В той части Америки, где находилась Пэм, воцарилась тишина. И затянулась она секунд на десять. За это время жёлтая полоса на воде чуть потемнела. Элизабет Истлейк знала Эмили Дикинсон. Я задался вопросом, знала ли она Вачела Линдсея.[77]

— А что насчёт Тома? — наконец спросила Пэм. Осторожно, крайне осторожно. Я не сомневался, что про парикмахера она напрочь забыла.

— У меня есть основания полагать, что он, возможно, замыслил самоубийство. — Плечом я прижал трубку к уху и начал поглаживать волосы Ребы. — Ты об этом что-нибудь знаешь?

— Что я… что я могу… — У неё перехватывало дыхание. Как после удара в солнечное сплетение. — Ради Бога, откуда я могу… — Она потихоньку приходила в себя, решила изобразить негодование. Что ж, в подобной ситуации — не самый плохой вариант. — Ты звонишь мне ни с того ни с сего и думаешь, что я расскажу тебе, что творится в голове у Тома Райли? Я-то полагала, что тебе становится лучше, но, похоже…

— Ты должна что-то знать, потому что трахалась с ним. — Мои пальцы нырнули в искусственные рыжие волосы Ребы и вцепились в них, словно собирались выдрать с корнем. — Или я ошибаюсь?

— Это безумие! — Она чуть ли не кричала. — Тебе нужна помощь, Эдгар! Или позвони доктору Кеймену, или найди кого-нибудь там, у себя. И поскорее!

Злость и сопровождающая её уверенность в том, что скоро я начну путать слова, не находя нужные, внезапно исчезли. Я отпустил волосы Ребы.

— Успокойся, Пэм. Мы говорим не о тебе. И не обо мне. О Томе. Ты замечала признаки депрессии? Должна была заметить.

Ответа не последовало. Но и трубку она не положила. Я слышал дыхание Пэм.

— Хорошо, — раздался её голос. — Хорошо. Я знаю, откуда у тебя взялась эта идея. От маленькой мисс Королевы драмы, так?
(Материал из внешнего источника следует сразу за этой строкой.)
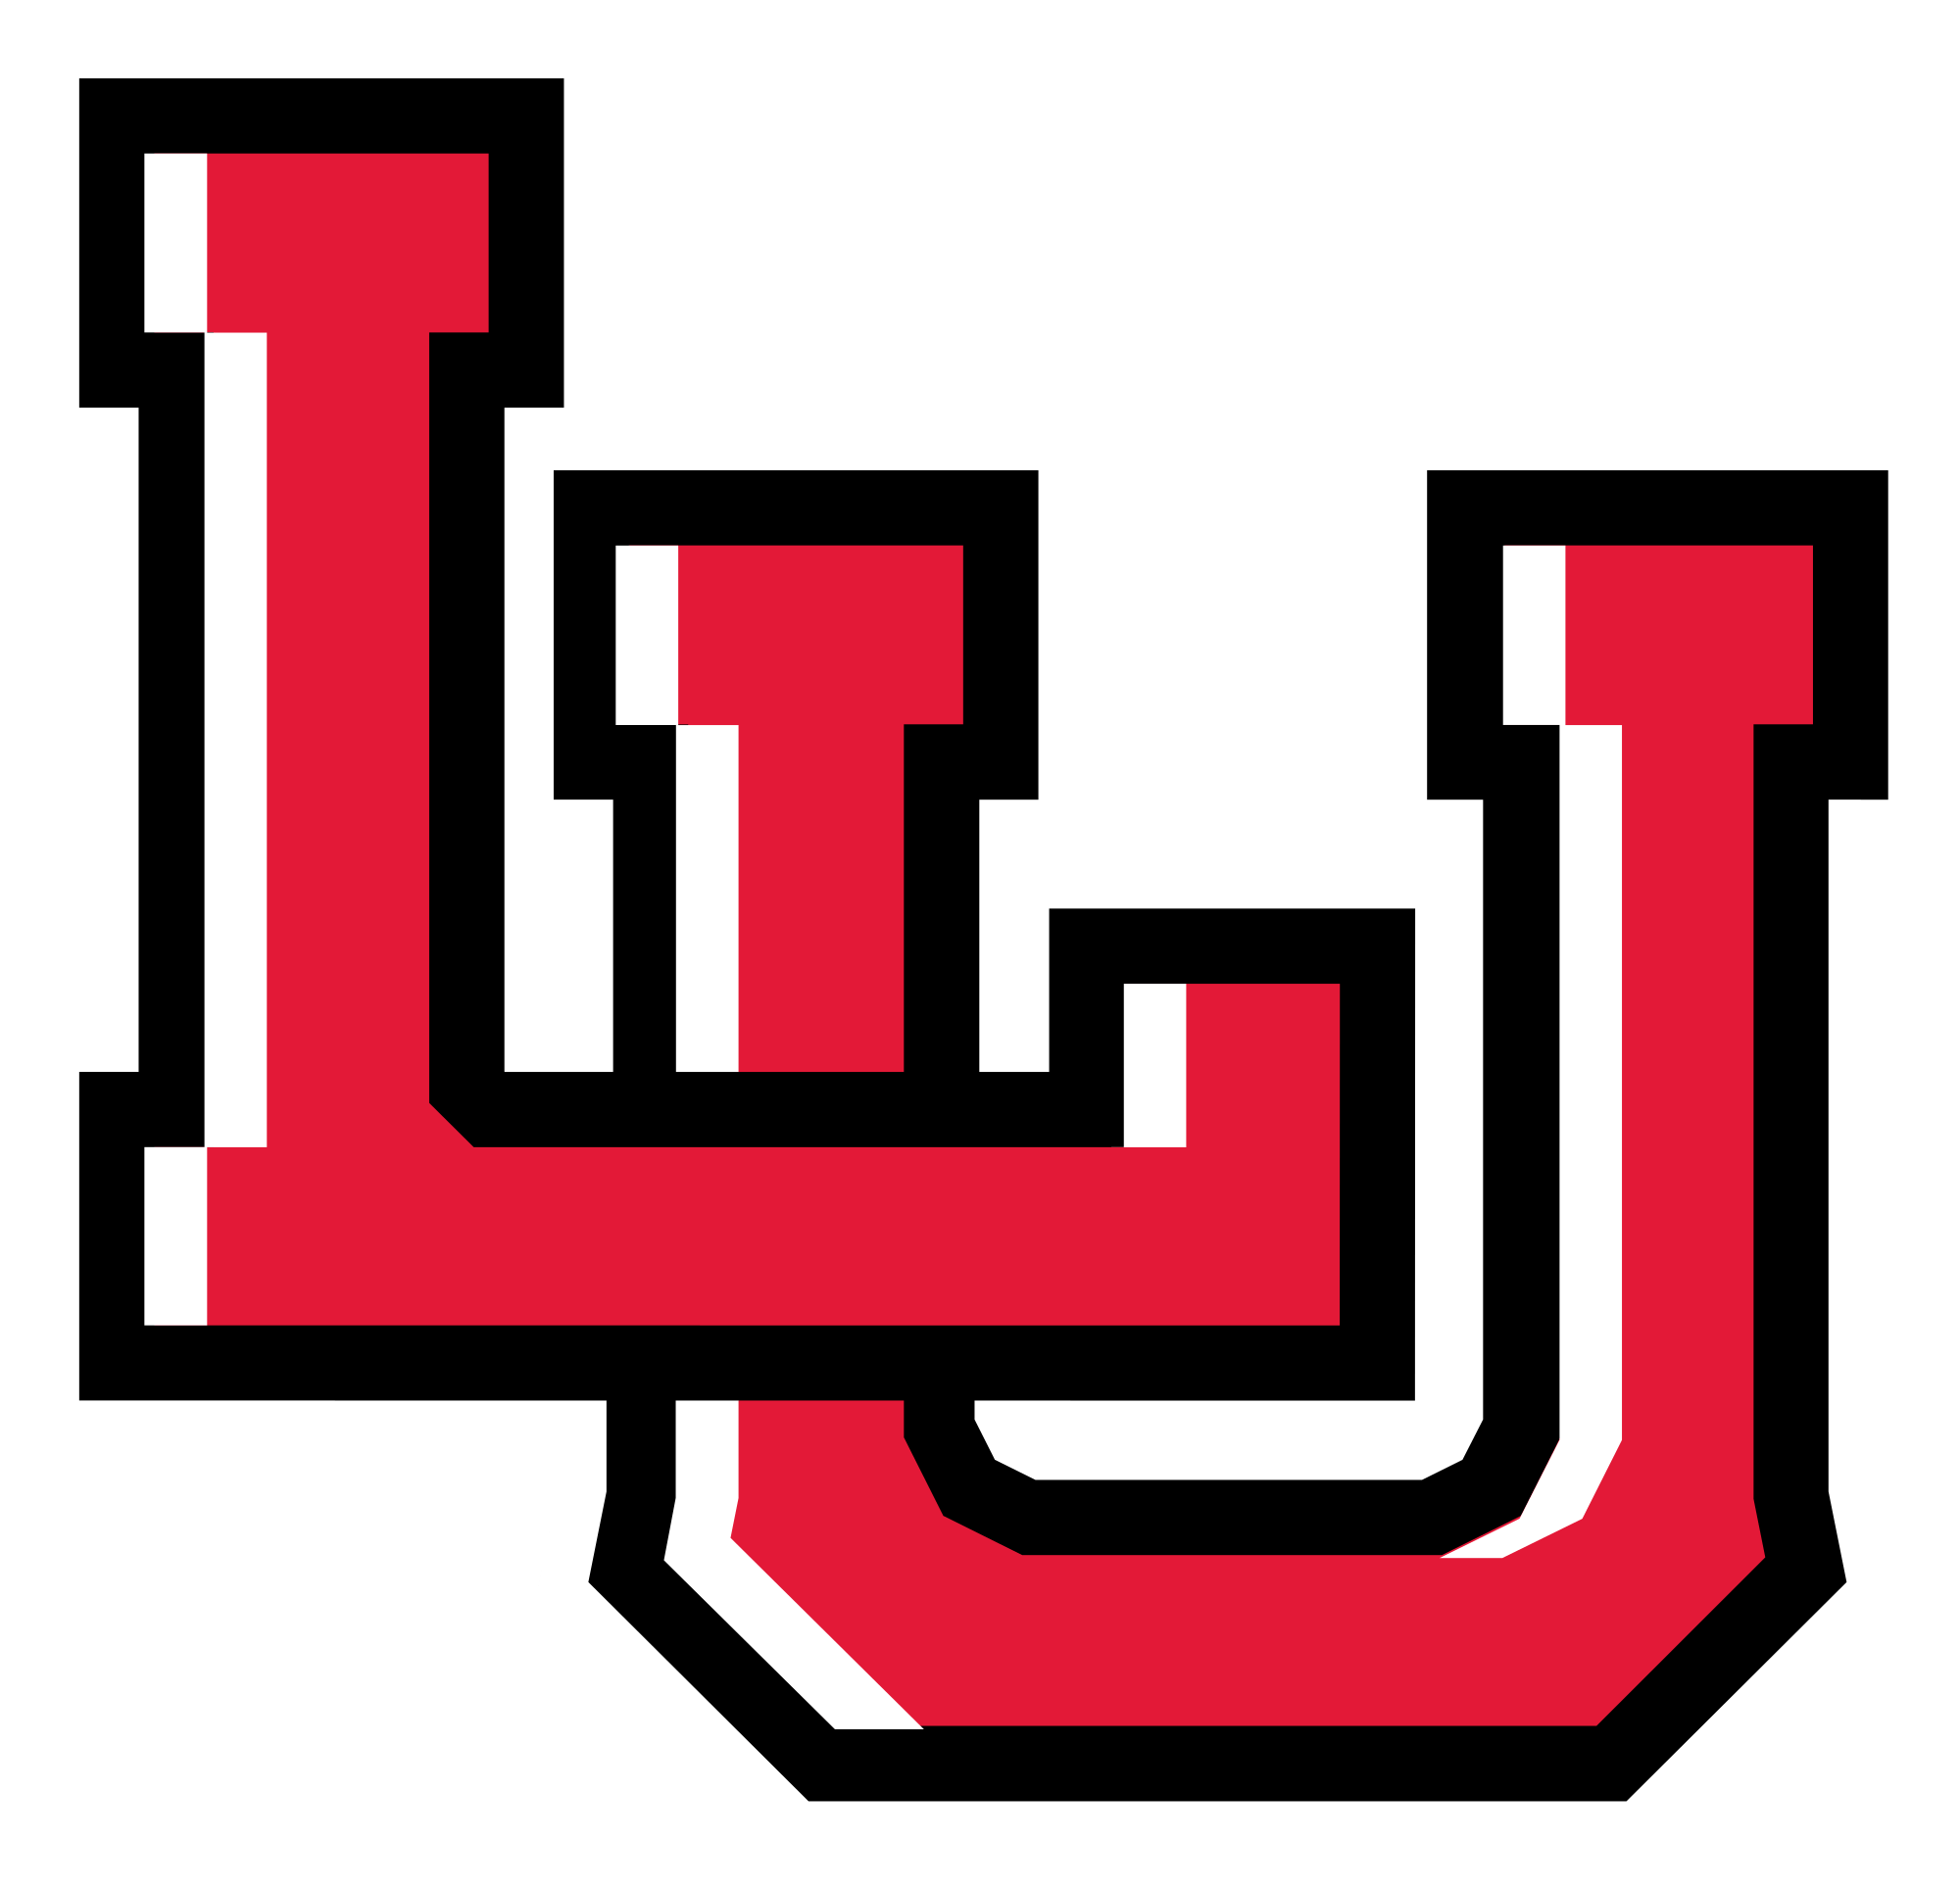 Lamar Logo - The Lamar Cardinals

Судя по всему, Илзе рассказала тебе о Максе Стэнтоне, из Палм-Дезерт. Эдгар, ты же знаешь, какая она!

Ярость угрожала вернуться. Я протянул руку и схватил Ребу за мягкую середину. «Я могу это сделать, — думал я. — И Илзе тут тоже ни при чём. А Пэм? Она всего лишь испугана, потому что всё это обрушилось на неё как гром с ясного неба. Она испуганная и злая, но я могу это сделать. Я должен это сделать».

И не важно, что на протяжении нескольких мгновений я хотел её убить. Более того, если бы она оказалась во «флоридской комнате» рядом со мной, попытался бы.

— Илзе мне ничего не говорила.

— Довольно этой дурости, я кладу трубку…

— Я не знаю только одного: кто из них уговорил тебя сделать татуировку на груди. Маленькую розу.

Она вскрикнула. Только раз, тихонько, но этого хватило. Последовала пауза. Тишина пульсировала, как чёрная дыра. Потом Пэм прорвало:

— Эта сука! Она увидела и рассказала тебе! Только так ты мог узнать! Это ничего не значит! Ничего не доказывает!

— Мы не в суде, — напомнил я.

Она не ответила, но я слышал её тяжёлое дыхание.

— У Илзе возникли подозрения насчёт этого Макса, но насчёт Тома она не имеет ни малейшего понятия. Если ты скажешь ей, у неё разобьётся сердце. — Я выдержал паузу. — И это разобьёт моё.

Пэм плакала.

— На хер твоё сердце! И тебя тоже! Знаешь, я бы хотела, чтобы ты умер. Лживый, сующий нос в чужие дела мерзавец. Я бы хотела, чтобы ты умер.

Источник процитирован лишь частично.